◆ PROMPT
Transcribe the listing exactly, leaving out every picture.

◆ GIVEN MATERIAL
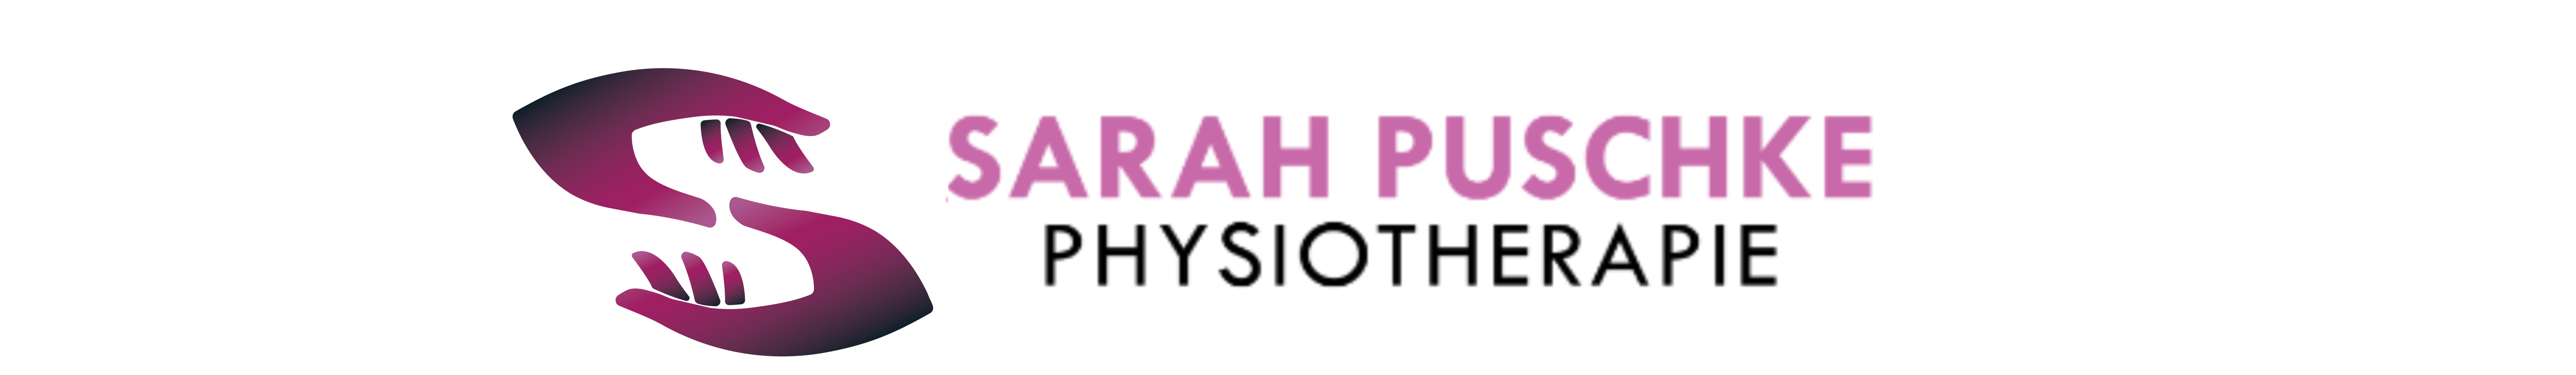 Sarah Puschke
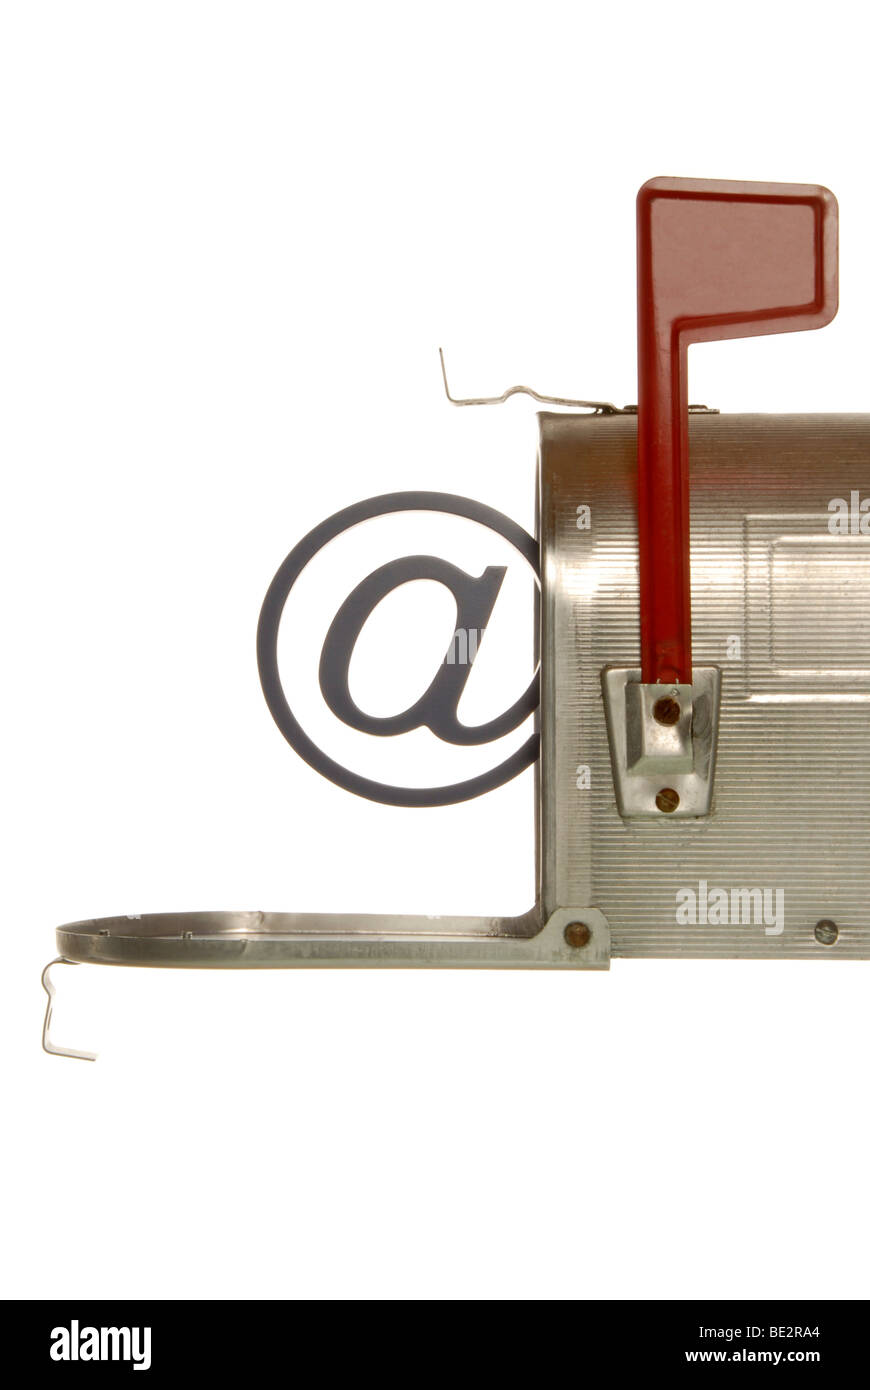 Amerikanischer Briefkasten mit @-Zeichen, Symbol für e-mail Stockfotografie  - Alamy
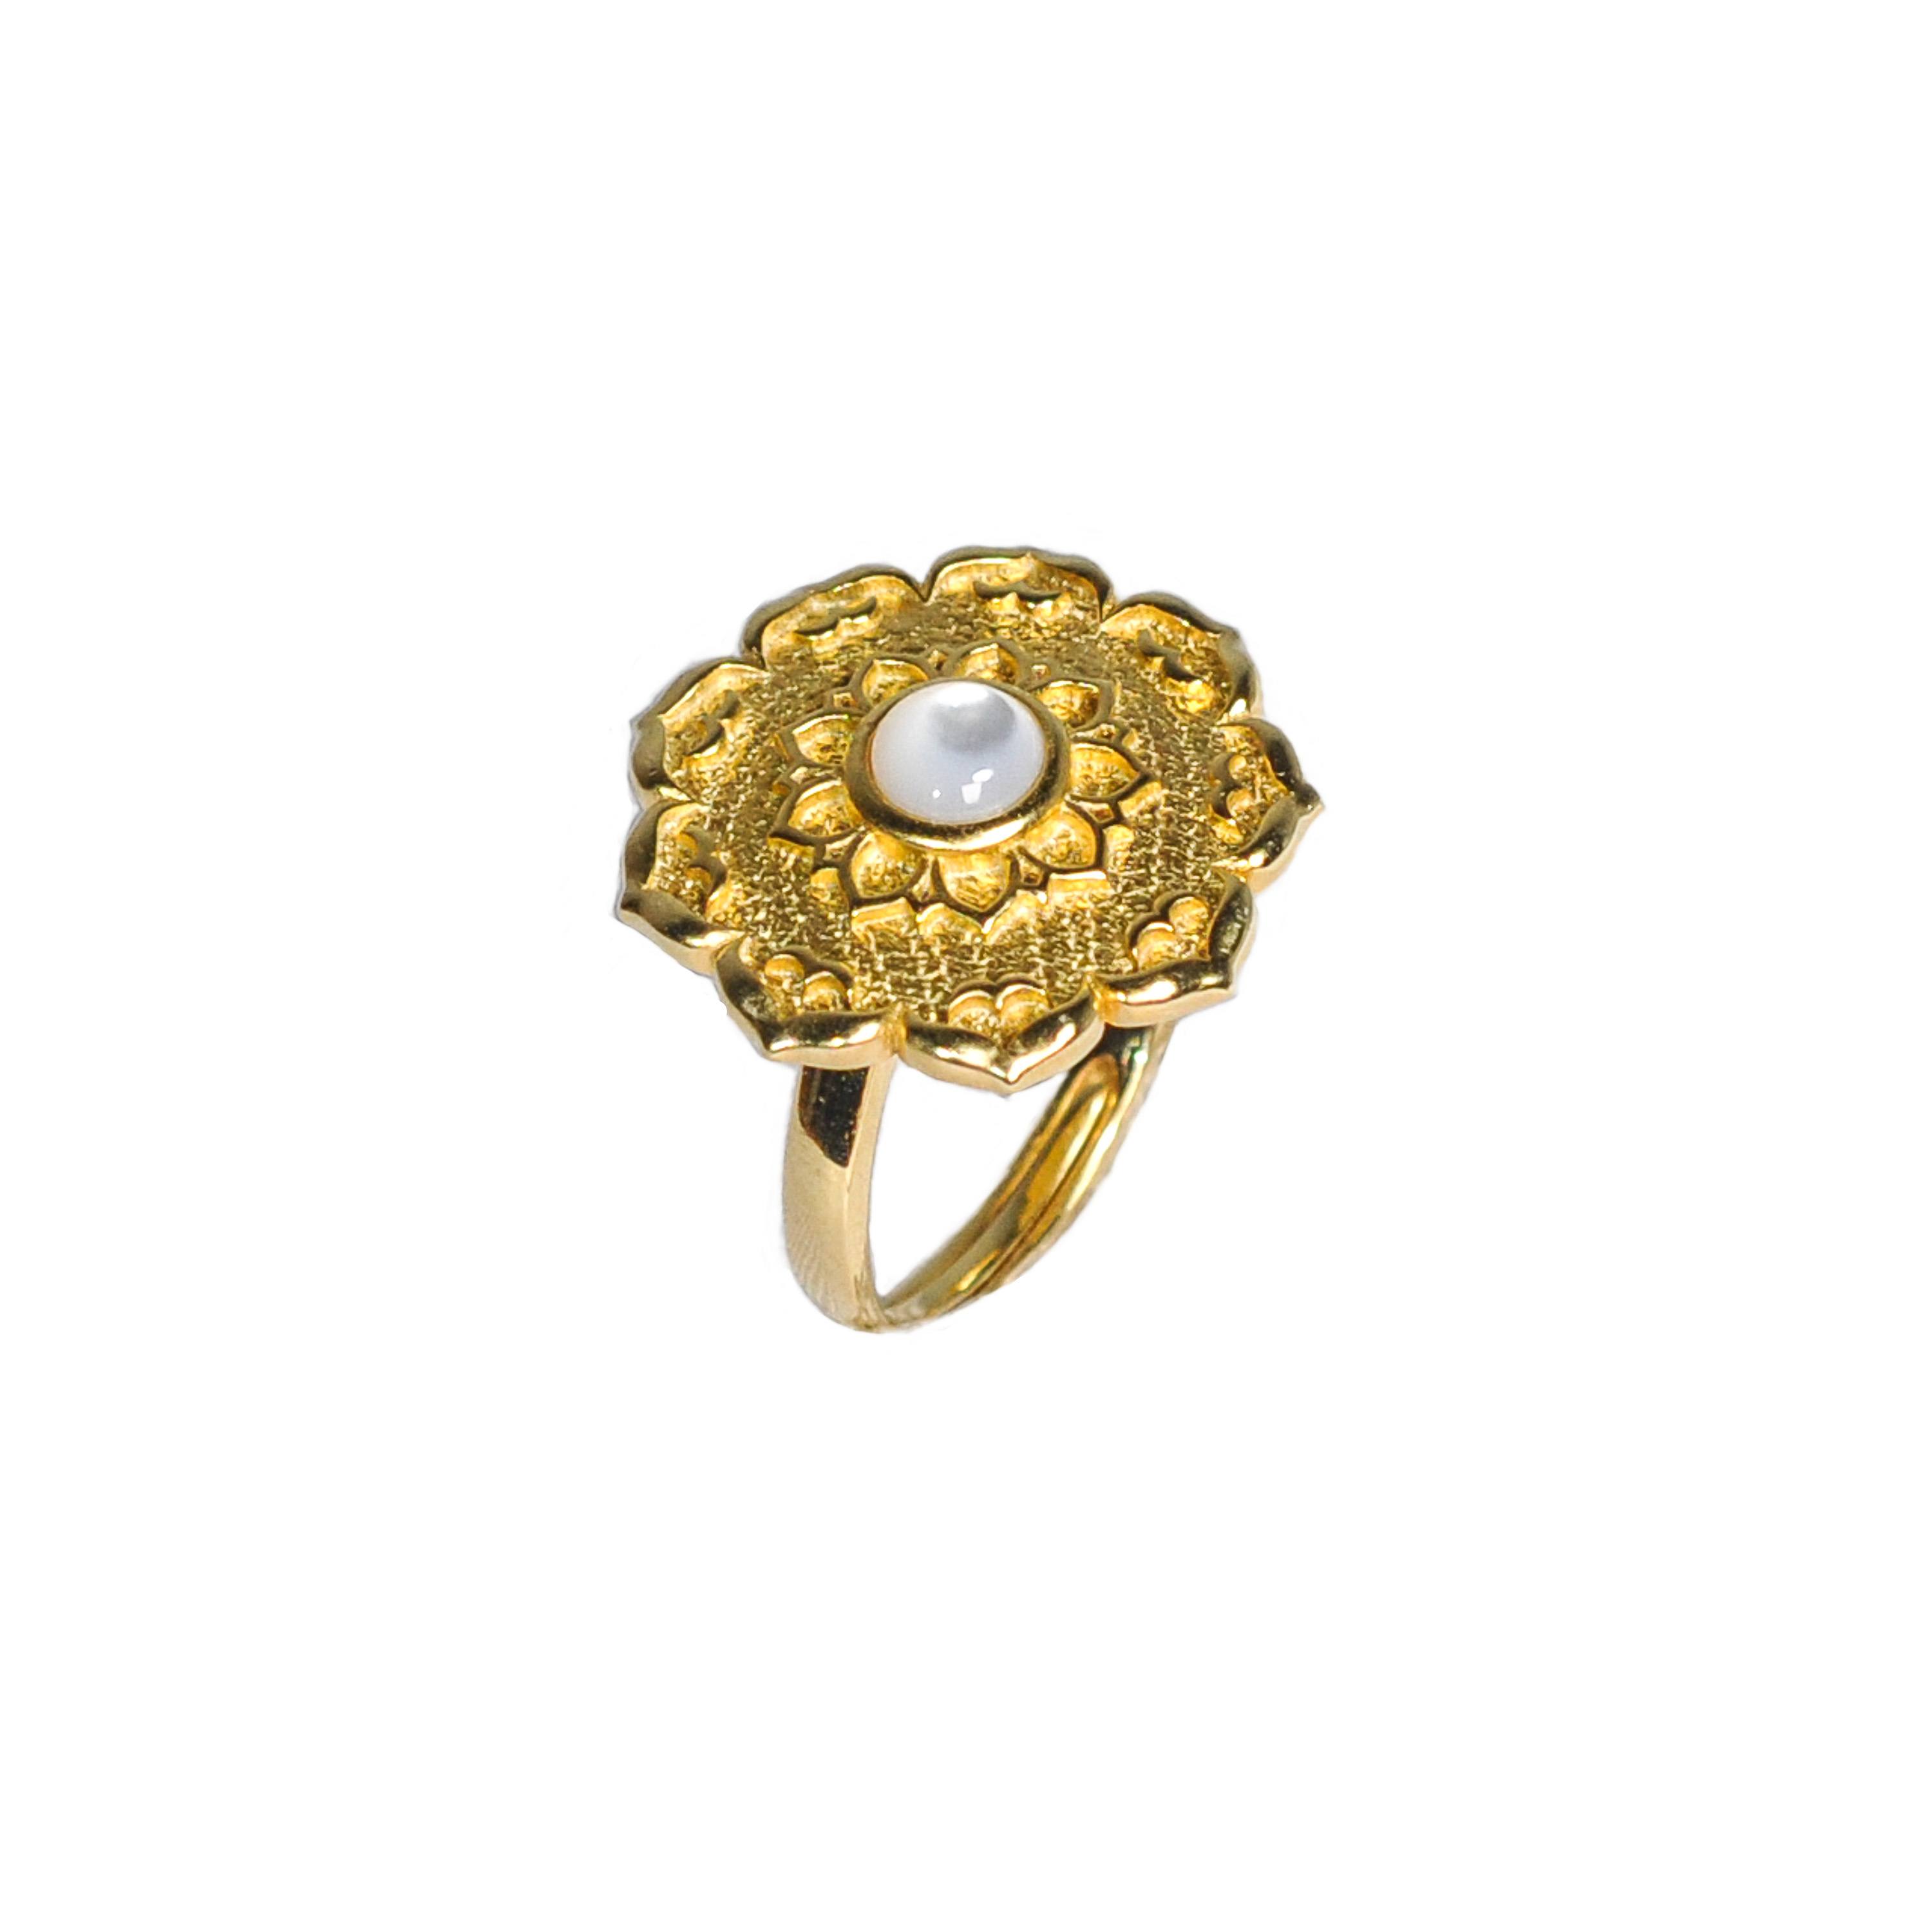 Buy Lotus Flower Ring Online in India | Kasturi Diamond

◆ EXERCISE RESULT
 Sarah Puschke
 Amerikanischer Briefkasten mit @-Zeichen, Symbol für e-mail Stockfotografie  - Alamy
 Buy Lotus Flower Ring Online in India | Kasturi Diamond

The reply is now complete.